Raw data:

*** Block opens ***

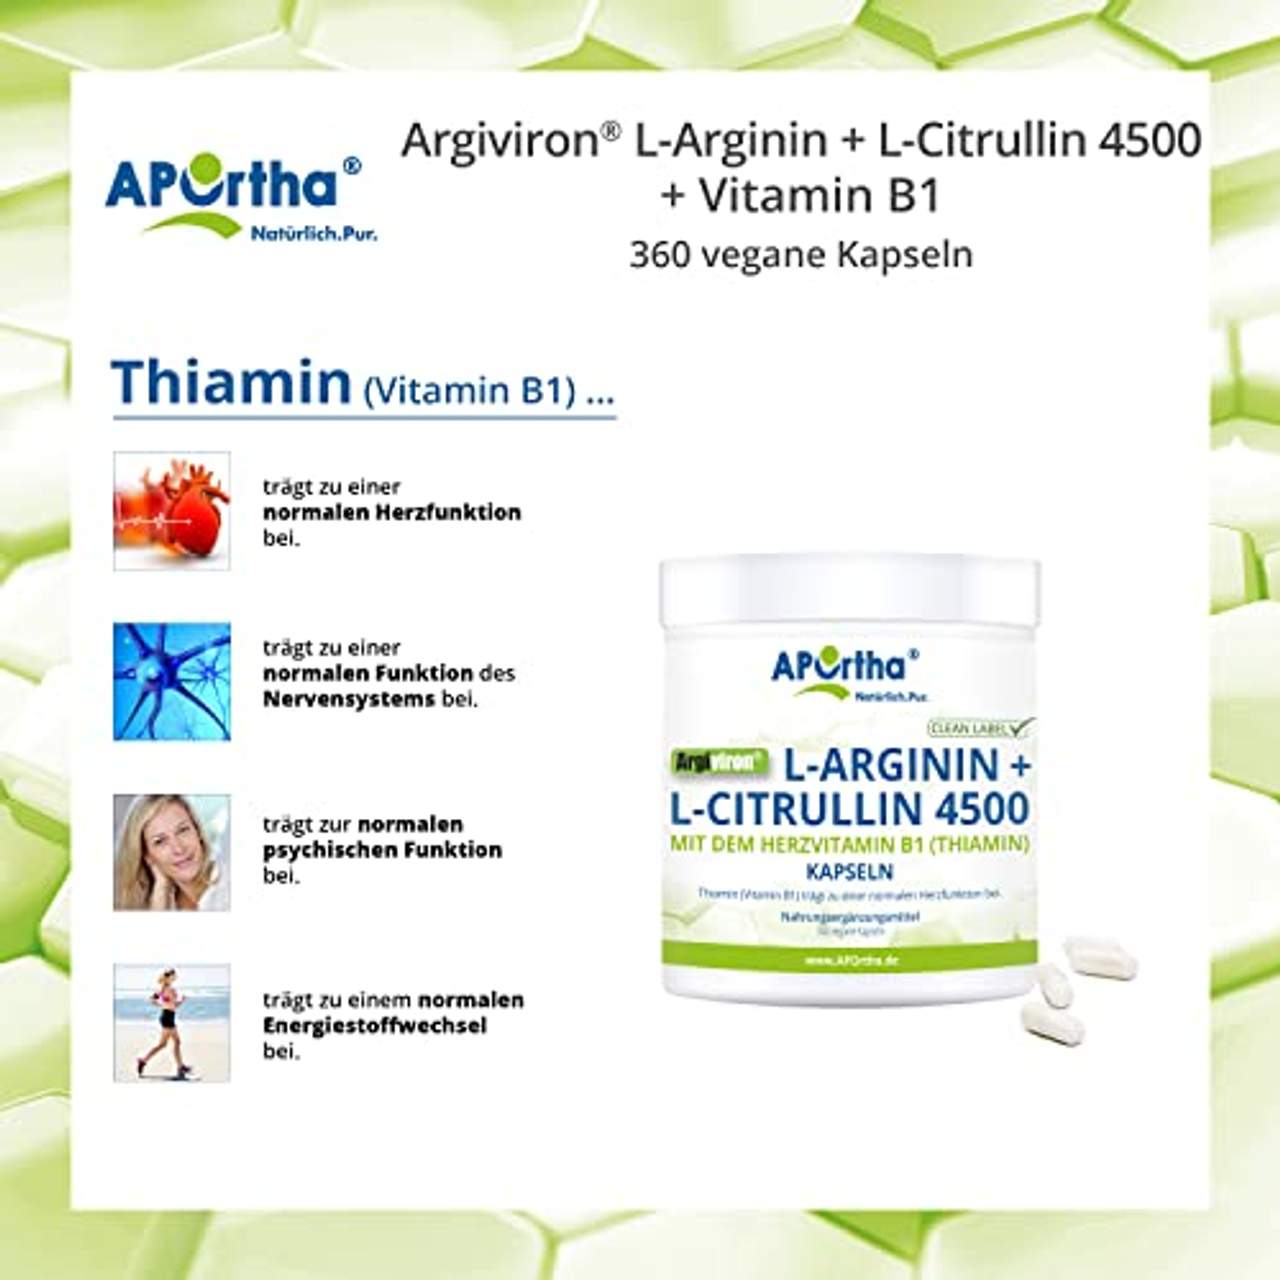 APOrtha Argiviron L-Arginin L-Citrullin 4500 hochdosiert
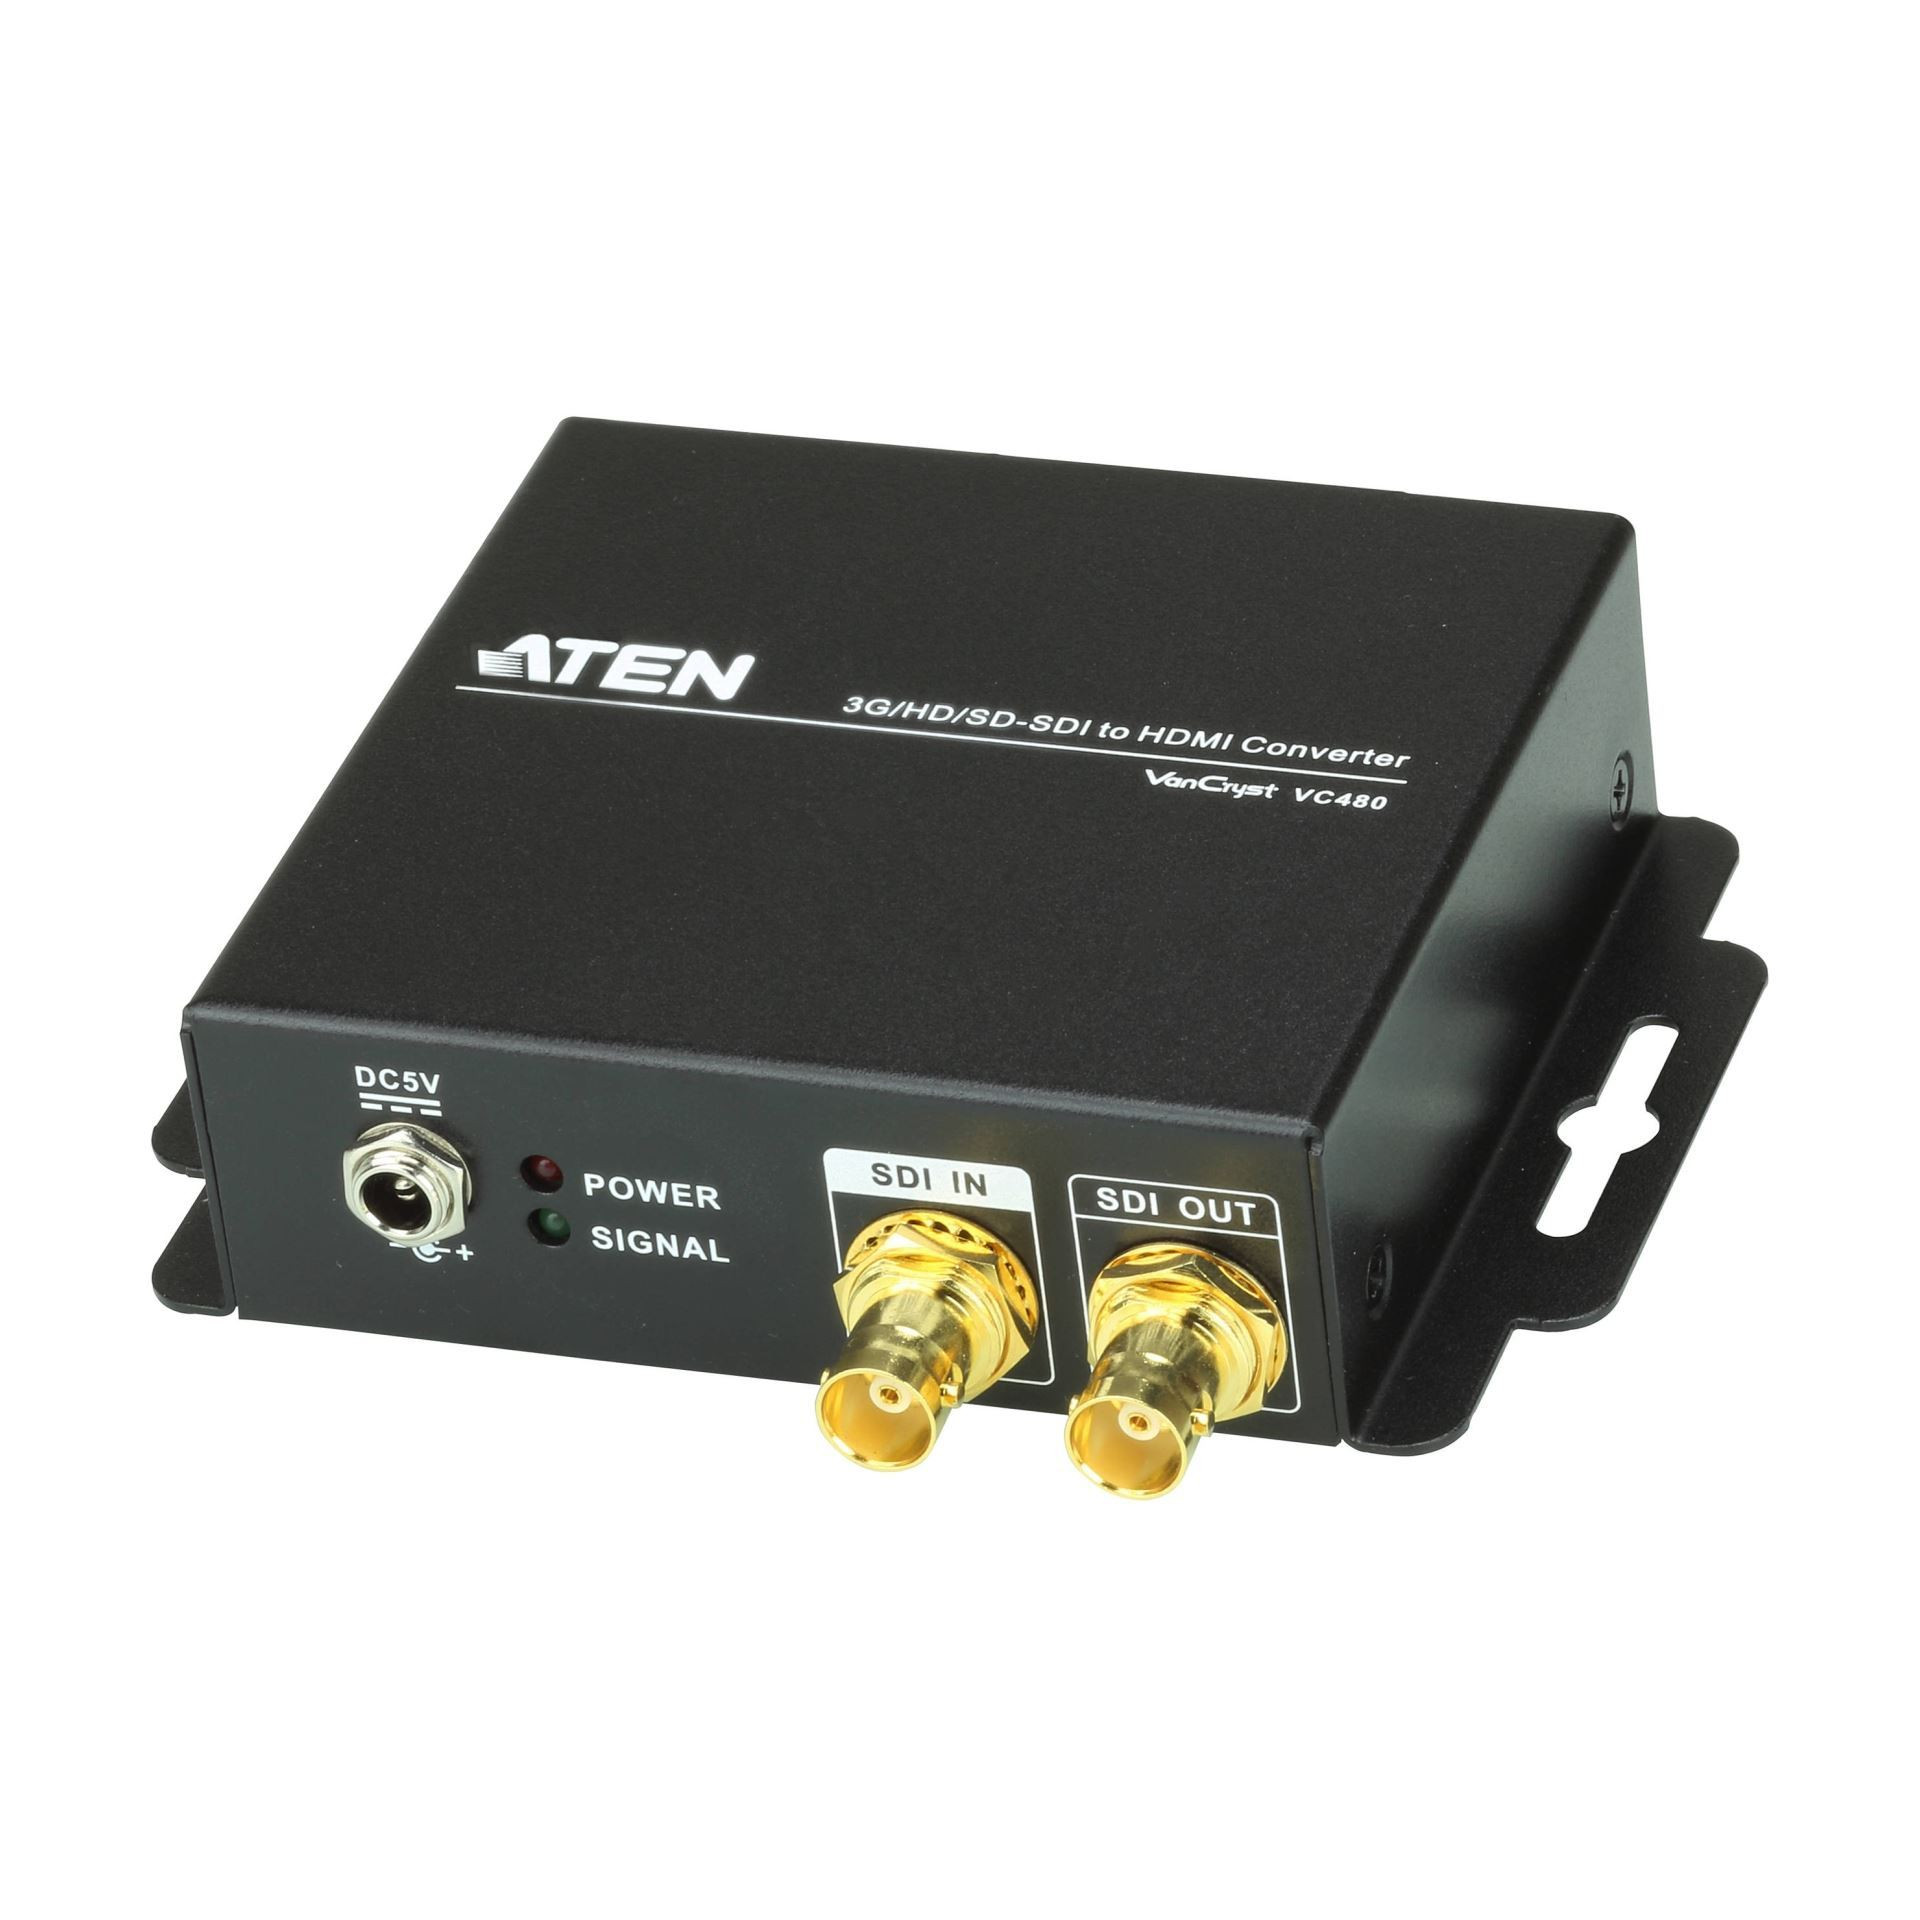 Pretvornik 3G-SDI - HDMI + Avdio VC480 Aten
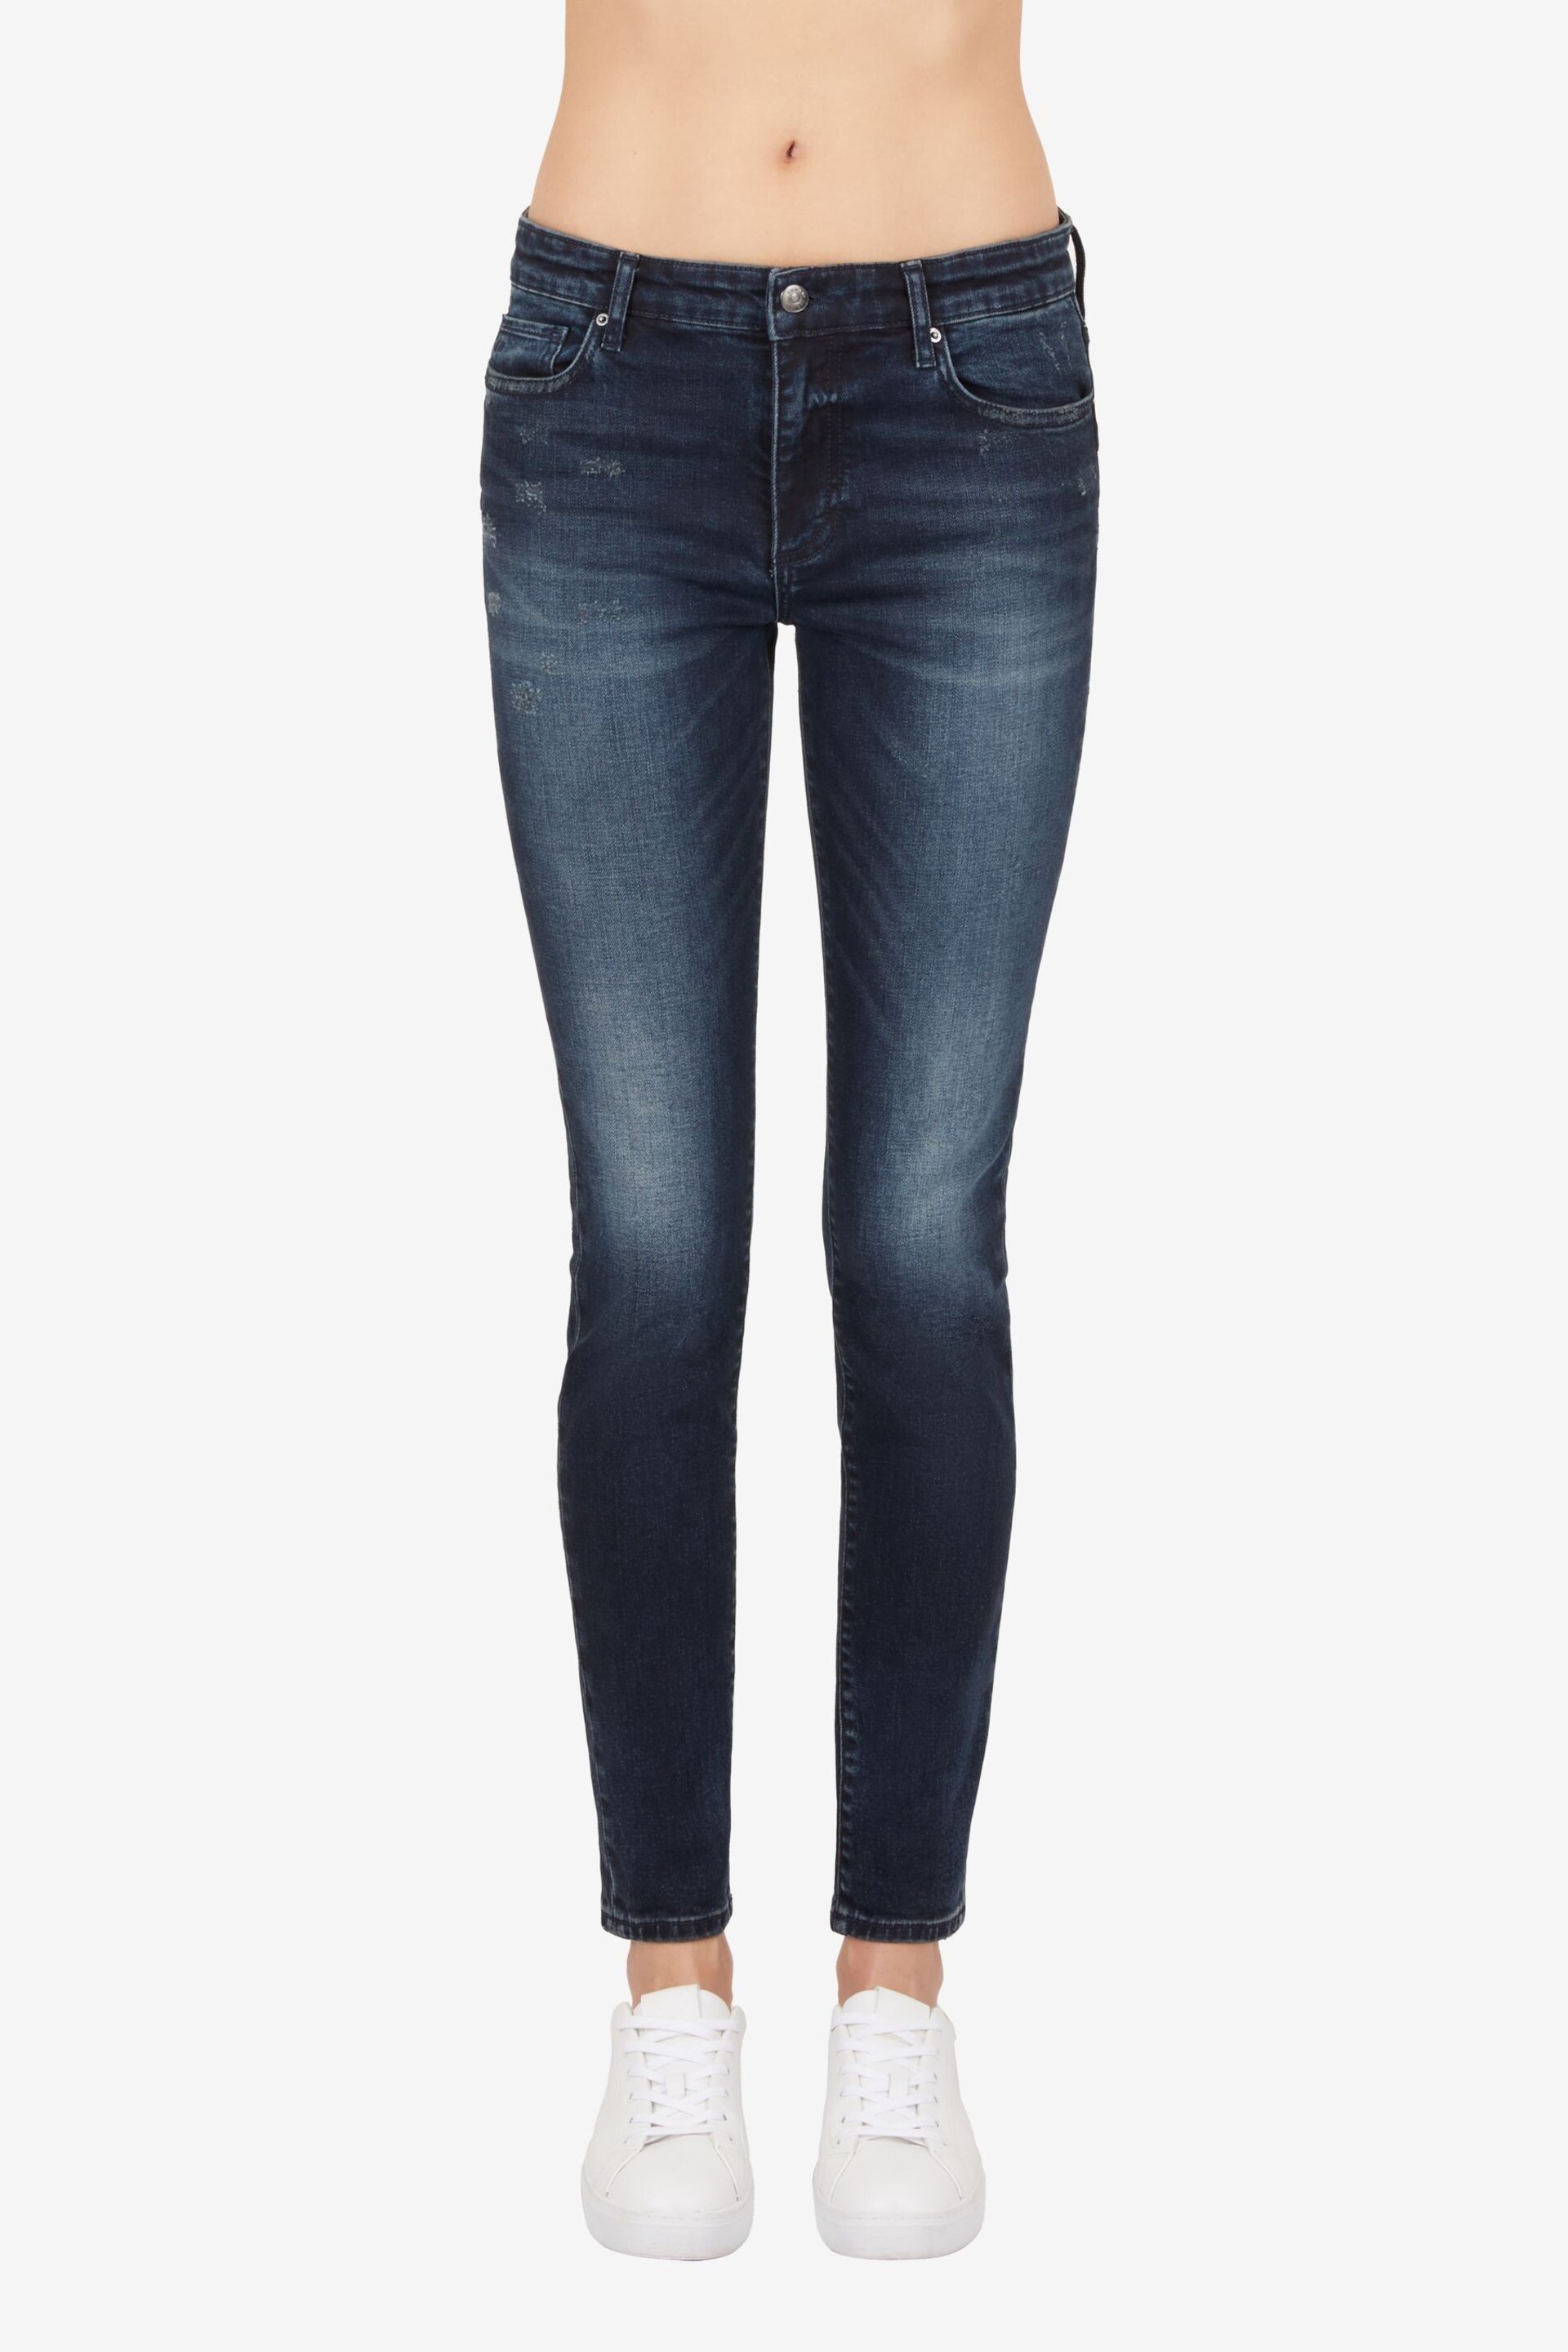 Armani Exchange Denim Dark Wash J69 Skinny Fit Jeans - Image 1 of 5

*** Block closes ***

Work instruction: Excluding pictures, reproduce the listing above exactly as it stands.

Answer section:
 APOrtha Argiviron L-Arginin L-Citrullin 4500 hochdosiert
 Pretvornik 3G-SDI - HDMI + Avdio VC480 Aten
 Armani Exchange Denim Dark Wash J69 Skinny Fit Jeans - Image 1 of 5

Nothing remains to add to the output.